- Born: March 6, 1958 (age 67) Sunnyvale, California, U.S.
- Conviction: Murder (2 counts)
- Criminal penalty: Life imprisonment

Details
- Victims: 4
- Span of crimes: 1987–1992
- Country: United States
- States: Oregon; California; Colorado;
- Date apprehended: January 26, 1993
- Imprisoned at: Eastern Oregon Correctional Institution, Pendleton, Oregon

= Andrew David Edwards =

American serial killer

Andrew David Edwards (born March 6, 1958) is an American serial killer. A jobless drifter, Edwards murdered four fellow itinerants across three states between 1987 and 1992 in alcohol-induced rages, and attempted to murder a fifth in 1993. Following his last attack, he was arrested and subsequently confessed to the murders, receiving a sentence of life imprisonment for his crimes.

==Early life==
Little is known about Edwards' upbringing. A native of Sunnyvale, California, he attended the Fremont High School and later the Chemeketa Community College in Salem, Oregon. He had a girlfriend and held a job as a bricklayer, but was an alcoholic who had been in and out of treatment centers since the age of 19. In 1985, he abandoned his girlfriend and his job, deciding to live a transient lifestyle. During this time, he began to kill his fellow drinking companions.

==Murders==
On October 5, 1987, Edwards was drinking with 37-year-old John Harold Schiermeister, a transient from Roseburg, Oregon, at a railway yard in Portland. Enraged by alcohol, he proceeded to beat Schiermeister to death, fatally injuring him with a blow to the head. The following day, his body was found by railroad workers in one of the yards of the Burlington Northern Railroad. Two days later, Schiermeister was identified, but his killer remained elusive.

On April 5, 1990, Edwards killed 24-year-old Anthony Keith Thurman by beating his head in with a pipe, before dumping the corpse under a freeway overpass in Portland. His body was discovered later that same month.

Two years later, Edwards met 52-year-old Melvin Richards while riding the rails and the two men shared a drink. During their drinking session, Edwards became enraged and brutally beat Richards to death. He then threw the body off the train near Bakersfield, California on February 21, 1992.
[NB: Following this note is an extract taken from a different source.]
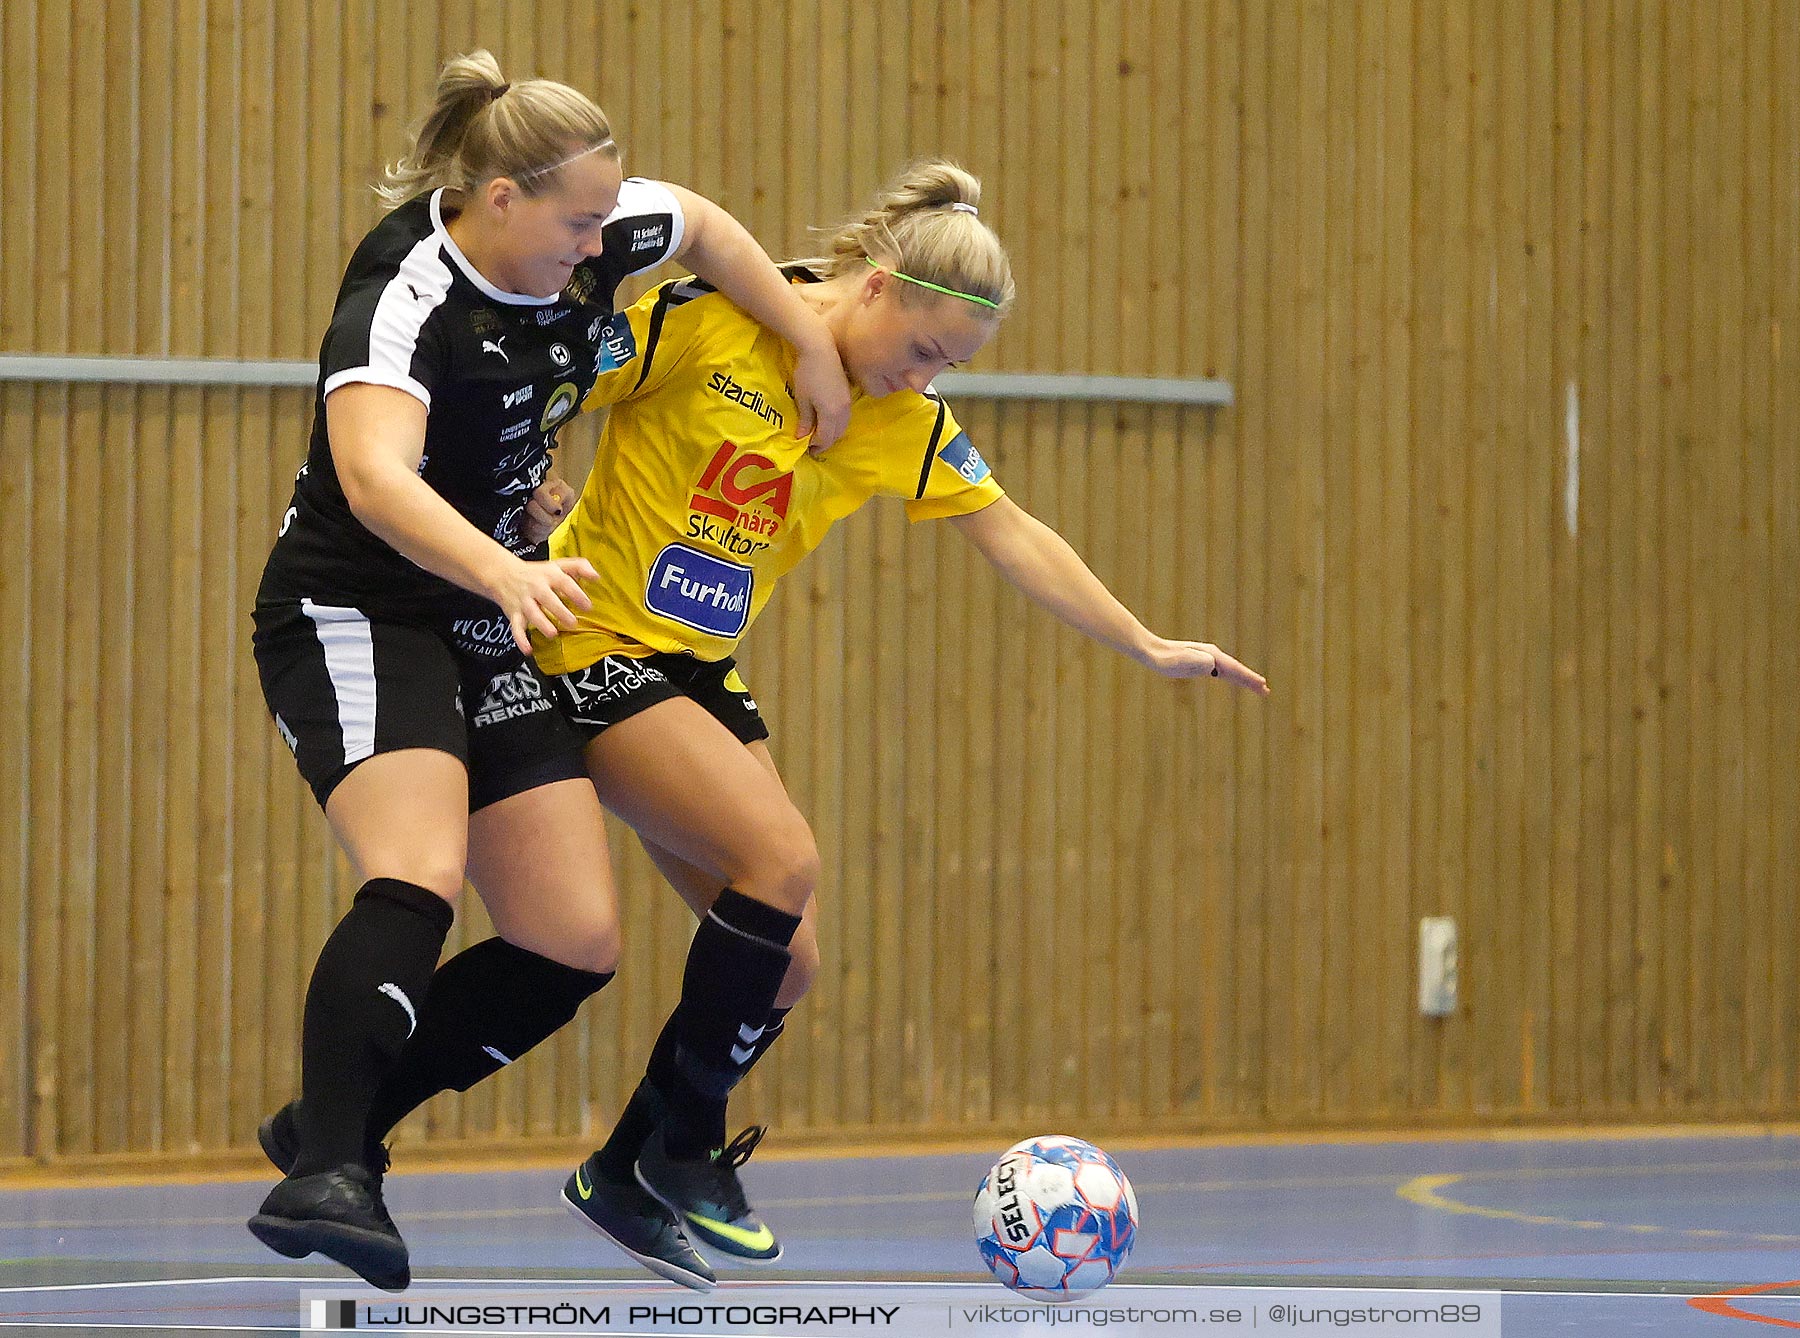 Skövde Futsalcup 2021 Damer Örebro Futsal Club-Skultorps IF 2,dam,Arena Skövde,Skövde,Sverige,Futsal,,2021,270458

Approximately two months later, in either April or May, Andrew found himself at a homeless shelter based in Pueblo, Colorado train yard, where he encountered 48-year-old Bud Griffith. The two drank together, and as in the previous cases, Edwards attacked Griffith, beating him to death with a 2x4 wood board and a wine bottle. His death went unreported for several days.

==Arrest, capture and imprisonment==
In January 1993, Edwards nearly murdered a fifth victim in San Jose, California, attacking 42-year-old Lynn Ellis Delong with a wrench behind a bowling alley. After the attack, he decided to seek help, breaking the rails of the train he was riding on and hopping onto another one, bound for Chico. On January 26, while seeking medical treatment for his injured hand in Oroville, Edwards was picked up by a deputy while wandering through a residential area. He admitted to the deputy that he had killed five men, unaware that, although he had lost an ear, Delong had survived their encounter.

Edwards later claimed to have regretted this decision, as he claimed that his parents would be embarrassed by him. He was sentenced to life imprisonment for the murders of Schiermeister and Thurman in Oregon, and was sent to the Eastern Oregon Correctional Institution, where he still resided as of 2020. He has accounts on several websites dedicated to finding pen pals for prisoners. His earliest release date is February 14, 2052, when he is 93 years old.